Input data Start Marker

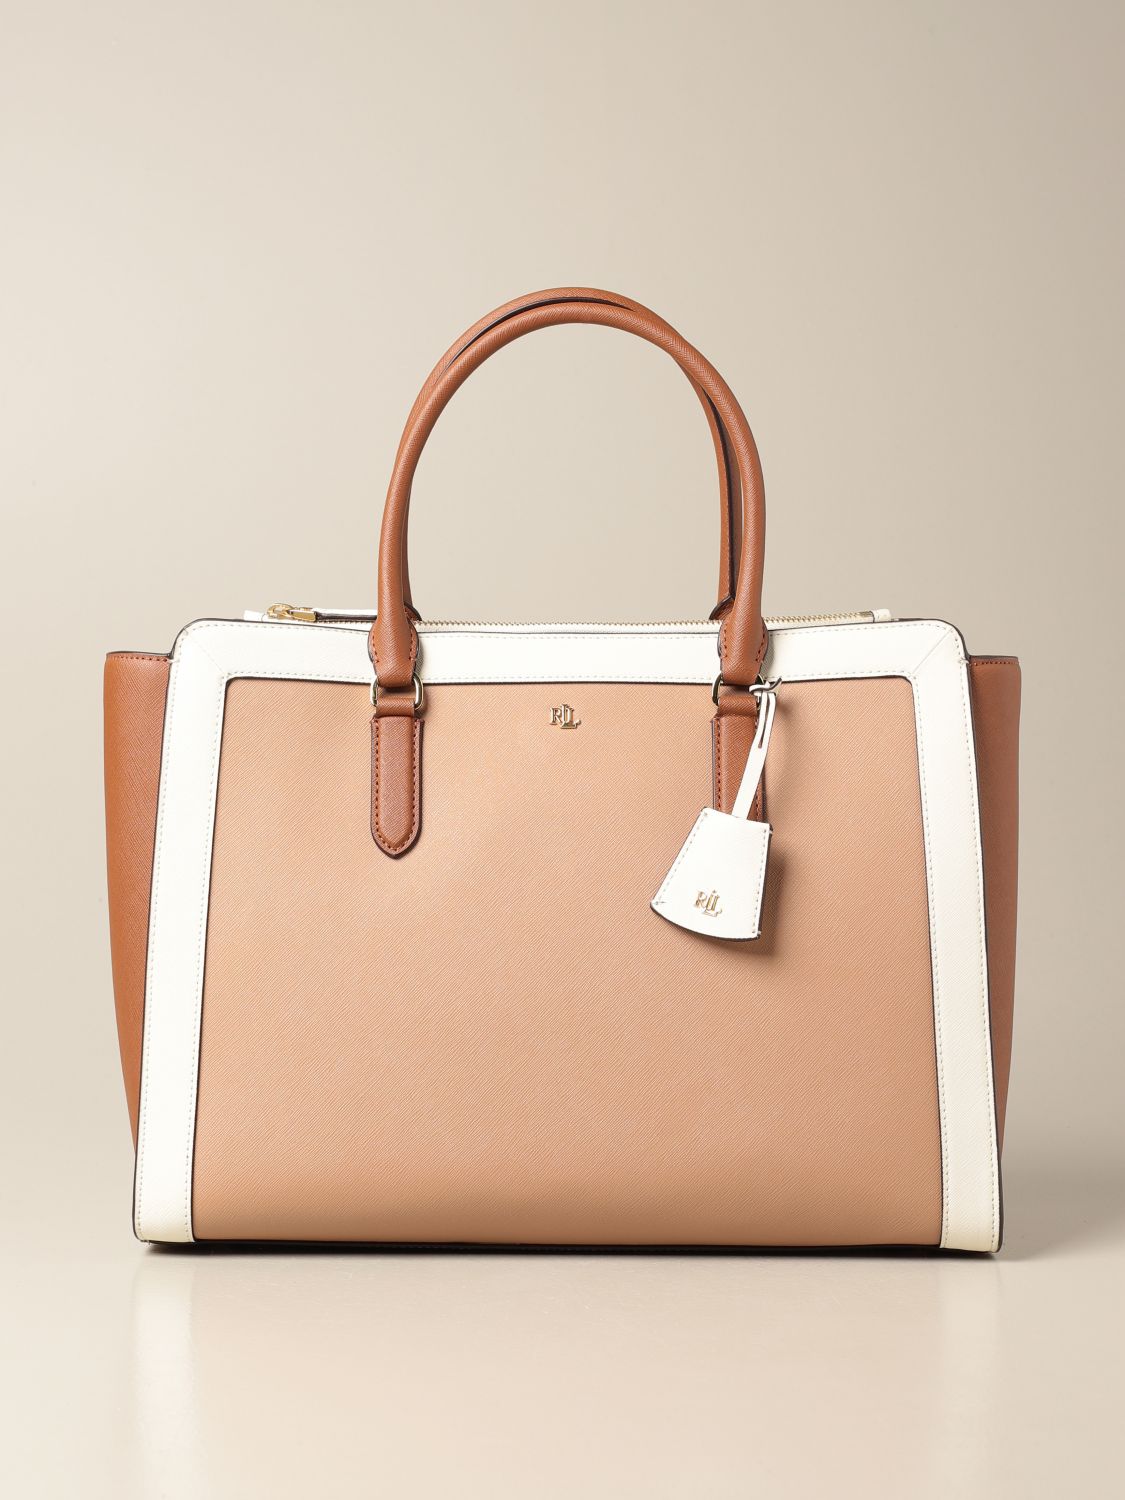 Lauren Ralph Lauren Authenticated Handbag
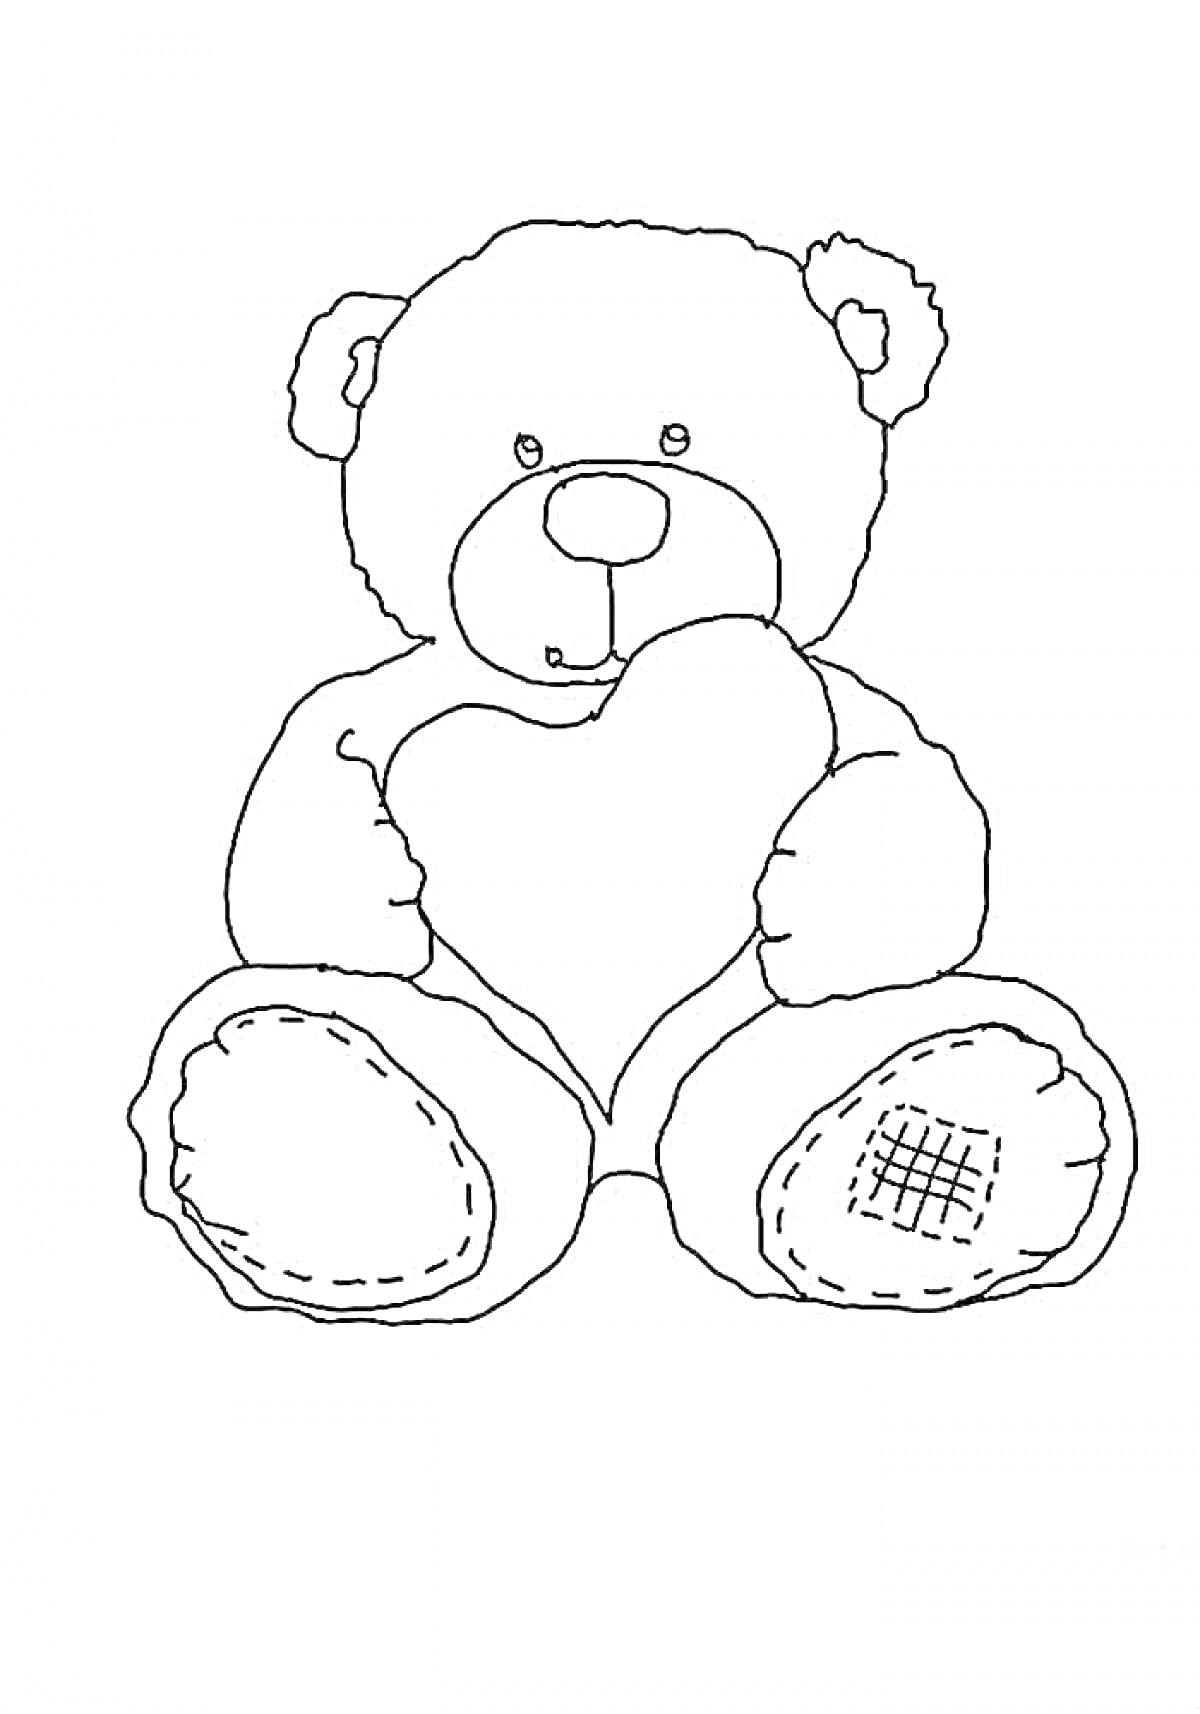 Раскраска Мишка Тедди с заплаткой на лапе, держащий сердце
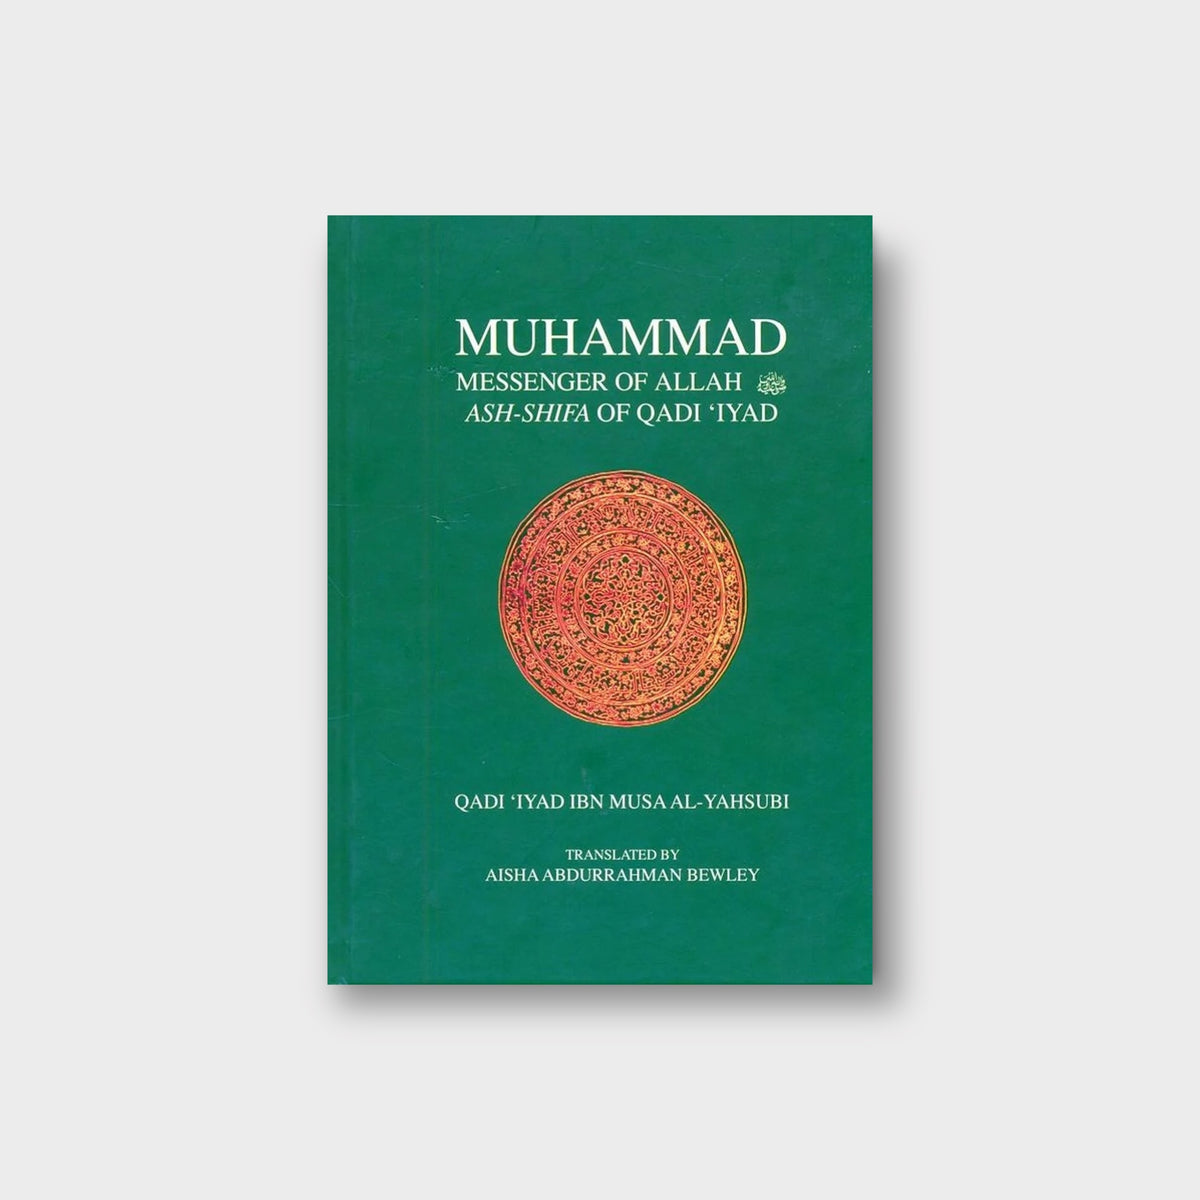 Muhammad Messenger of Allah Ash-Shifa of Qadi‘Iyad

Input data End Marker

◆ **What needs to be done**: Please print the line that contains "Раскраска Мишка Тедди" along with every later line of the material, exactly, through the last one. Leave pictures out of the copy.

◆ **Answer box**:
 Раскраска Мишка Тедди с заплаткой на лапе, держащий сердце
 Muhammad Messenger of Allah Ash-Shifa of Qadi‘Iyad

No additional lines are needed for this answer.